The DP provides a number of examples of the rule changes the FSA is considering and welcomes responses to help maintain an appropriate regime for the UK.

Richard Sutcliffe, FSA’s client assets unit leader, said:

“The protection of client assets remains a key priority for the FSA and today’s proposals will go a long way to ensure confidence in UK markets is maintained. In addition to the changes required by EMIR the FSA proposals will lead to the most radical change in the client assets regime in over 20 years with the introduction of client money sub-pools that are designed to bring further safeguards to the industry. Furthermore, the fundamental review of our client assets regime also invites debate on the changes required following the lessons learned from ongoing insolvencies.”

Notes for editors

  1. The protection of client money and custody assets (client assets) is a regulatory priority. The FSA's response to the financial crisis and the issues it uncovered was to increase the level of resource devoted to the protection of client assets. The FSA established the Client Asset Unit, which led this work, to drive its specialist and intensive supervision of client assets and improve compliance with the aim of ensuring that firms have robust systems in place to ensure the swift return of client assets and money in the event of firm insolvency.
  2. The FSA client assets rules are built on a framework of primary and secondary legislation (including the relevant insolvency and company law). Some of the issues relating to the prompt return of client assets relate to the overall legislative insolvency framework.

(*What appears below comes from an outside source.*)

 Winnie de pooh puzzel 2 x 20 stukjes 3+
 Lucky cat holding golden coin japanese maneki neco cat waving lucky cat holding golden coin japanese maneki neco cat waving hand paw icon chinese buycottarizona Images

The government, in accordance with the Banking Act 2009, will review the regime created by the Investment Bank Special Administration Regulations 2011 (SAR), and is due to report to Parliament by February 2013.
  3. As recently confirmed in a recent HM Treasury consultation the government also intends to take the opportunity of the SAR review to look at broader issues arising from the MF Global Ltd special administration, in particular, the obstacles to the timely return of client assets to investors.
  4. Under EMIR, porting is when a clearing member firm becomes insolvent, the client transactions (also referred to as ‘positions’) it holds in client accounts at a central counterparty (CCP) and the margin supporting those transactions, may be transferred to another client account held by a back-up clearing member. This process is called ‘porting’ (‘port’ and ‘ported’ should be read accordingly). The margin may be client money.
  5. The consultation period closes on 16 October (Part I) and 30 November (Parts II and III). The FSA intends to publish a policy statement on Part I only in December, then a policy statement on Part II and further consultation (where applicable) on Part II in the first half of 2013.
  6. The FSA will be holding a Markets and Client Assets conference later this year. Interested parties can register their interest.
  7. The FSA regulates the financial services industry and has four objectives under the Financial Services and Markets Act 2000: maintaining market confidence; securing the appropriate degree of protection for consumers; fighting financial crime; and contributing to the protection and enhancement of the stability of the UK financial system.
  8. The FSA will be replaced by the Financial Conduct Authority and Prudential Regulation Authority in 2013. The Financial Services Bill currently undergoing parliamentary scrutiny is expected to receive Royal Assent by the end of 2012.